I removed my new shoes from their box and admired them, too, for a moment before sliding them onto my feet. The salesperson had called the color
blush
and the model name
beauty.
They were satin open-toe three-and-a-half-inch heels with enormous rhinestone detailing just above the toe. They were like an outfit in and of themselves.

I was sexy. I was sensational. I was elegant and refined. It was me, on the best day of my life. I walked out, ready for the compliments to wash over me.

“Very funny, girl,” Damian said, dismissing me with the turn of his head. Not the reaction I was going for.

“What’s funny?” I asked Damian, who was already walking toward the windows to take in the view. “What’s funny?” I then asked Vanessa, practically tripping over the fishtail as I spun to face her.

“Nothing, honey,” she assured me. “My cousin here is just being a Hollywood prick. See, this is why everyone hates L.A.”

“Don’t nothing me, girl,” he said.

“Shut up, Damian,” Vanessa said.

“For the love of God,” I cried out, “What. Is. FUNNY?”

“That dress,” Damian said. “That dress is funny. It’s a copy of the dress that Miss Ava wore to the Golden Globes last year.”

“That dress costs more than most people’s rent,” Vanessa said. “How can it be a copy?”

“Oh, my God,” I said, suddenly breathing much quicker than before.

“And it’s not even a good copy,” Damian said.

“So,” Vanessa said, “then maybe no one will notice that it’s a copy.”

“Oh.

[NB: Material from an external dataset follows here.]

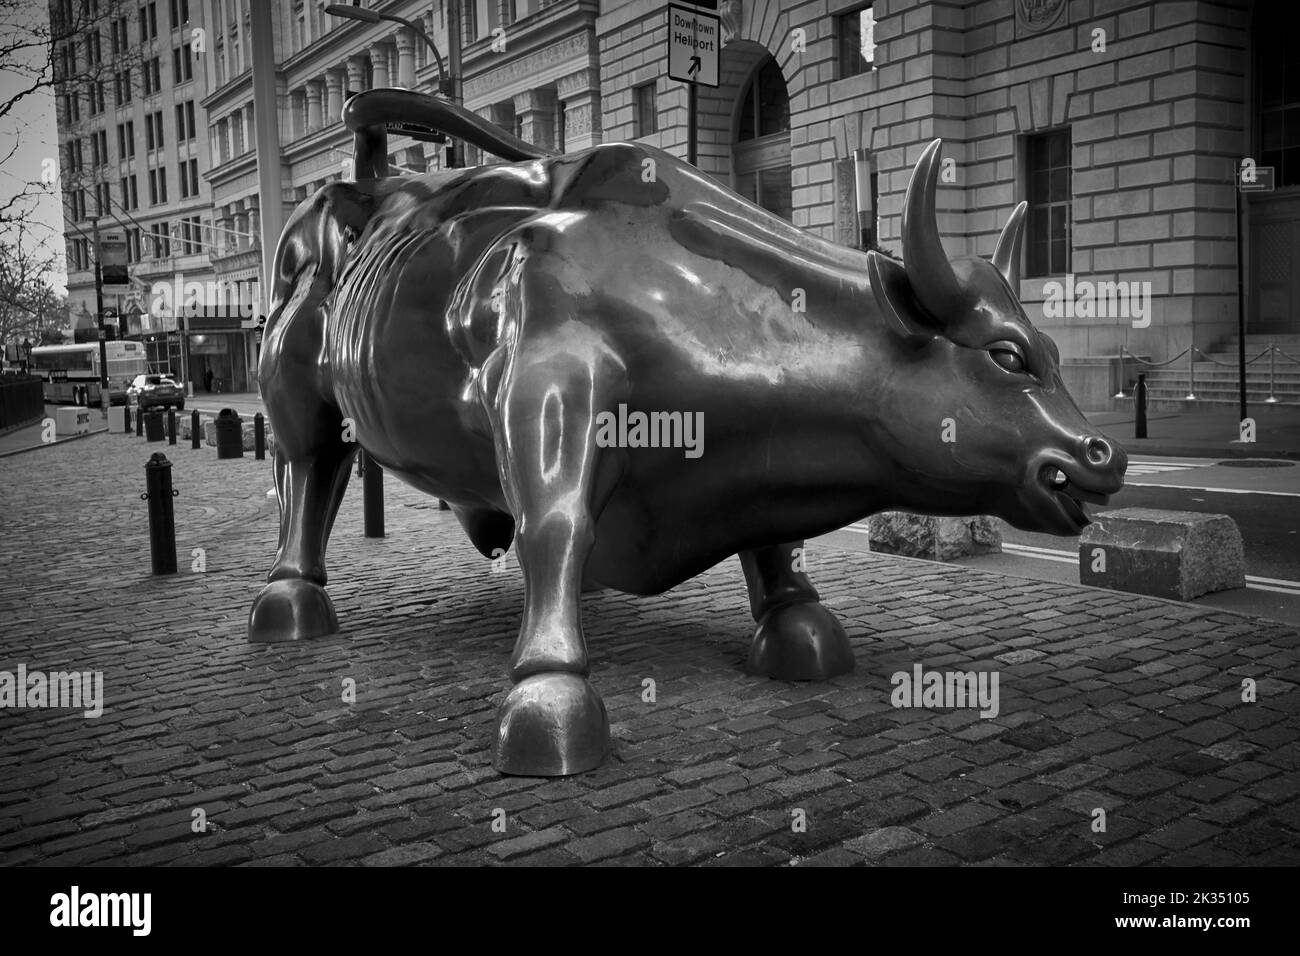 Charging Bull ist ein beliebtes Touristenziel, das Tausende von Menschen anzieht und die Wall Street und den Finanzdistrikt symbolisiert. Stockfoto
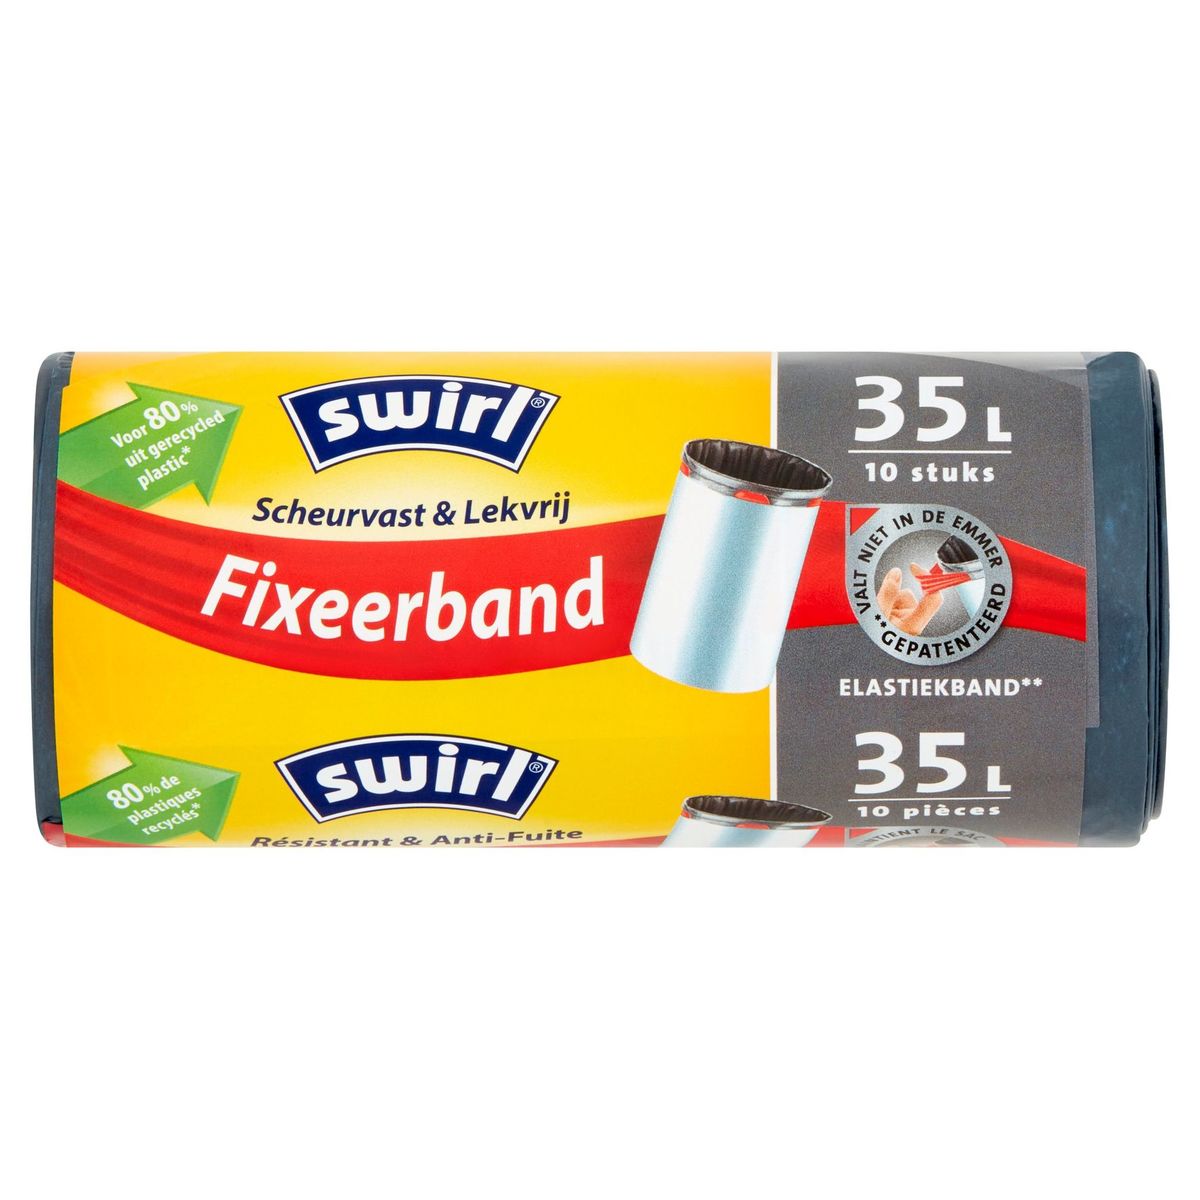 Swirl Fixeerband 35 L 10 Stuks

My. God,” I said, grabbing at my stomach to make sure that I was still breathing.

“It’s nothing,” Vanessa said. “Brooke, you’ll wear my dress and I’ll wear this one.”

“Not with that caboose, she won’t,” Damian said.

“Who the hell do you think you are talking to?” Vanessa demanded.

“I meant her,” Damian said, pointing to me.

“Oh,” Vanessa said.

“OH. MY. GOD,” I said, falling onto the couch and putting my head between my legs the way they tell you to on airplanes in case of a plane crash.

It was just like that scene in
Rebecca.
When the mean old maid makes the new wife dress up just like the dead first wife and go to a party with all of the dead first wife’s friends and everyone looks at the new wife and is, like, totally appalled. It’s like Nina is that mean old maid and Ava is the dead first wife and I’m the new Mrs. Winter. Or deWinter. Or whatever the hell their name was.

Maybe if I’d remembered Nina’s freaking name this afternoon this wouldn’t have happened! I am a bad person. I am a very bad, bad person….

“Everyone, shut up!” Jack said from the other side of the room, taking control of the situation. It was the way I’d seen him take control with tough adversaries, reluctant witnesses and difficult partners. For all of his constant joking around, when Jack meant business, people usually listened. The room was silent as we all sat waiting for what Jack would say next.

“Damian,” he said, “didn’t you bring other dresses with you? I heard Vanessa specifically ask you to bring an extra dress or two in case we didn’t have any luck shopping.”

“Well,” Damian said, “I brought one dress.”

“It’s fine,” Vanessa said. “It’s gorgeous.”

“We haven’t seen it yet,” I pointed out to her, looking up from my lap.

“Right,” she said. “Show us the dress.”

“Well, what size does little Ava over there take?

“Don’t be mean to her,” Vanessa said, “she’s having a total crisis here…girl!”

“Don’t say
girl
if you don’t know how to use it,” Damian said. “It doesn’t become you.”

“Um, let’s see,” I reasoned. “Usually I’m a ten, but I haven’t really eaten much in the past few weeks what with the breakup and all and then the stress about finding a date for the wedding…. So, I guess that makes me about an eight now.”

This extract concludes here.